Psicanálise, materialismo dialético- nada, nada; ficção- nada; nada parecia aplicável ao meu caso. Centauro, irremediavelmente centauro. E nenhuma explicação plausível” (página 76).

Guedali franze os olhos para que os cavalos da Bíblia se transformem magicamente em centauros e para que possa, assim, encontrar algum lugar a que pertença, mas o máximo que consegue é que estes se transformem em camelos, não conseguindo assim moldar as Escrituras de forma a que a elas possa, tal como o resto da sua família, pertencer.

Se tudo o que acima é dito é verdade, o que mais impressiona em O Centauro no Jardim é, todavia, o apuradíssimo sentido de humor de Scliar (note-se a este respeito o momento em que Guedali narra o momento em que a parteira lhe preparara cuidadosamente a cama depois do parto e acrescenta entre parêntesis: “pensaste em palha, parteira? Confessa, pensaste em palha?” (página 28)) bem como a minúcia com que o escritor constrói esta fábula, fazendo sempre o seu enorme virtuosismo depender do interesse da história.

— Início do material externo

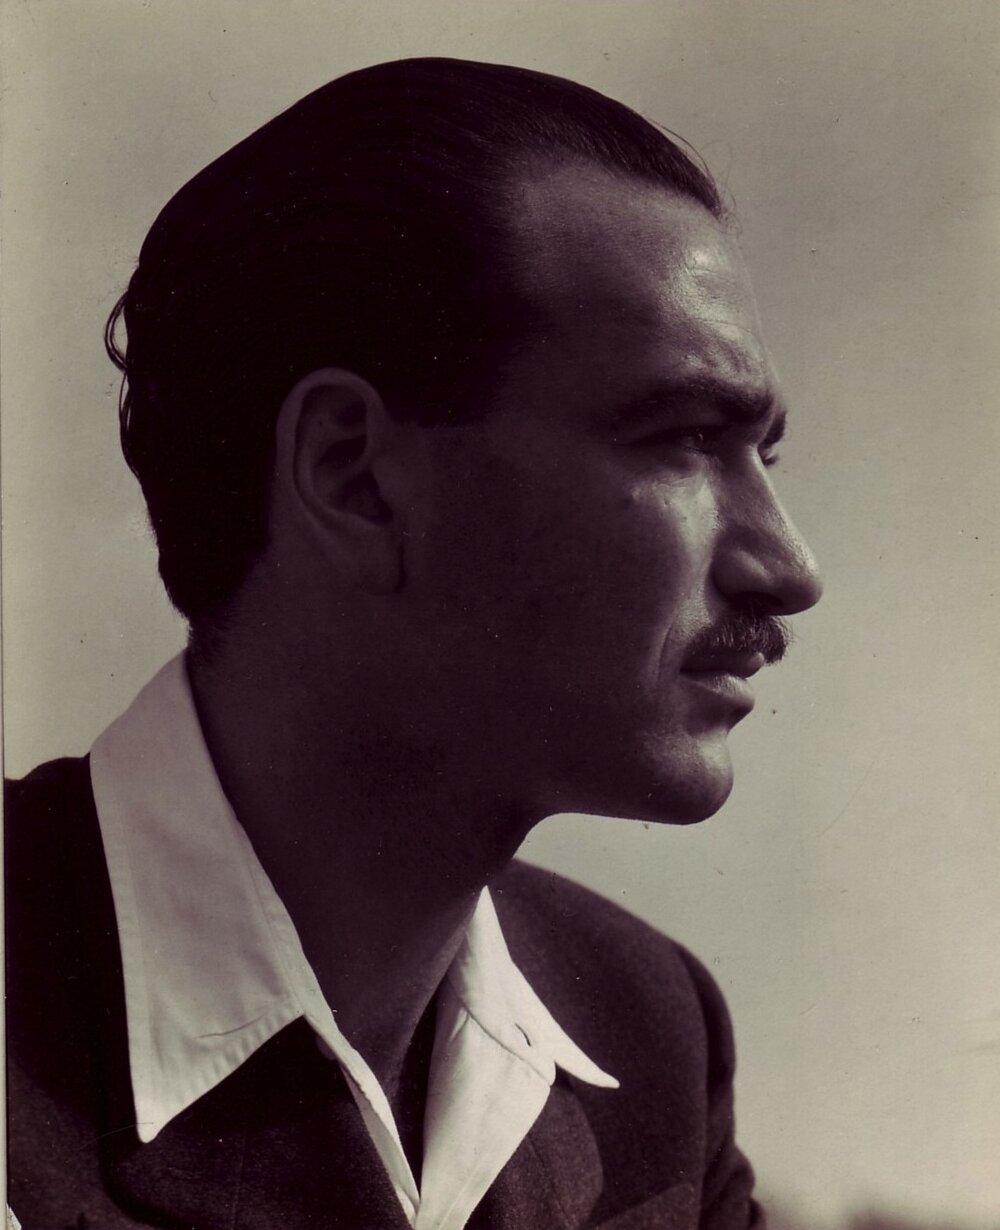 Edward Biberman by Edward Weston.jpg

Nenhum pormenor é descurado por Scliar: desde os primeiros passos de Guedali que, sendo metade cavalo, são dados logo nos seus primeiros dias de vida (“as mãos ainda se movem sem propósito, incoordenadas, os olhos já não identificam as imagens nem os ouvidos os sons e já as patas transportam para cá e para lá um corpo que não se sustenta, que oscila grotescamente como o de um boneco” (página 45)) à descrição do momento em que, ao tentar, como todos os bebés fazem, meter o seu pé na boca, Guedali dá um coice em si próprio que o deixa a chorar, tudo na história aponta para uma coerência interna tremenda para a qual até as falhas narrativas contribuem, como se percebe no capítulo final do romance.

João Pedro Vala é aluno de doutoramento do Programa em Teoria da Literatura da Universidade de Lisboa.